I'm sorry to be so frank, but you don't know anything about me or my security practices and your claim of negligence is extremely unfounded.
[1] https://github.com/publicsuffix/list/wiki/Guidelines#validat...
Eric, I think it appropriate to mention, and I'd like to point out the lack of any real documentation (reaching a professional level) related to PSL on the professional working groups touching on these things (i.e. M3AAWG).
There are only two blog posts on M3AAWG in 2023 where it had been used silently (apparently for years), but was calling for support. I would think if it were an industry recognized initiative it would have the appropriate documents/whitepapers published on it in the industry working group tasked with these things. These people are supposed to be engineer's after all.

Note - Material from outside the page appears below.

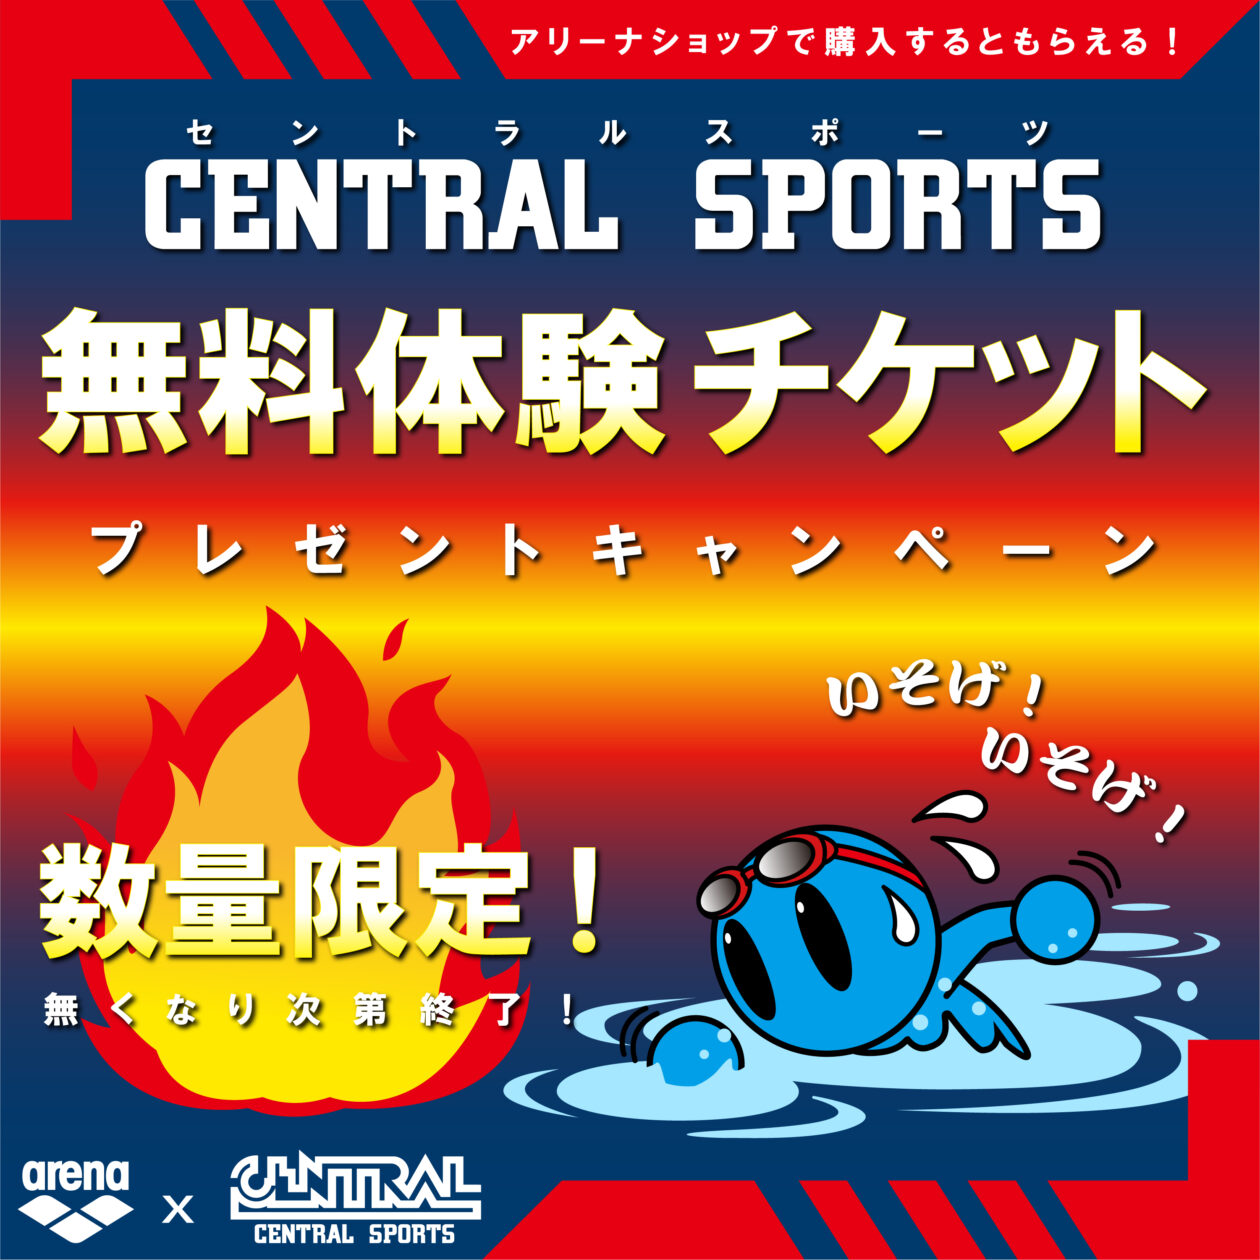 【CENTRAL SPORTS 体験チケットプレゼントキャンペーン】

AFAIK this hasn't happened aside from a brief-after-action with requests for support which is highly problematic.
When there is no professional outreach (via working group or trade group), its real hard to say that this isn't just gross negligence on google's part. M3AAWG has hundreds if not thousand's of whitepapers each hundreds of pages. A single blog post or two that mention it insufficiently, won't rationally negate this claim supporting gross negligence.
Why do I mention Gross negligence?, when coupled with loss, it is sufficient in many cases to support a finding of 'malice' without specific intent (i.e. general intent), especially when such an entity has little/no credibility, but is overshadowed by power/authority that is undeserved. Deceitful people that reasonably should know the consequences will go bad, often purposefully structure towards general intent to avoid legal complications and the legal system has evolved. I am not a lawyer, but this paraphrase about gross negligence/general intent/malice did come from a lawyer, its not meant or intended for use as legal advice in paraphrase form, so standard IANAL disclaimer applies. If the that is needed, consult a qualified professional for a specific distinction on this.
The company is more than technically capable of narrowly defining blacklists and providing due process and appropriate noticing requirements.
The situation begs questions of torturous interference, and whether the PSL is being used as an anti-competive mechanistic moat to prevent competitors from entering the market by imposing additional cost arbitrarily on competitors that is assymetric to the costs such companies have with competing services (as oligopoly/monopoly).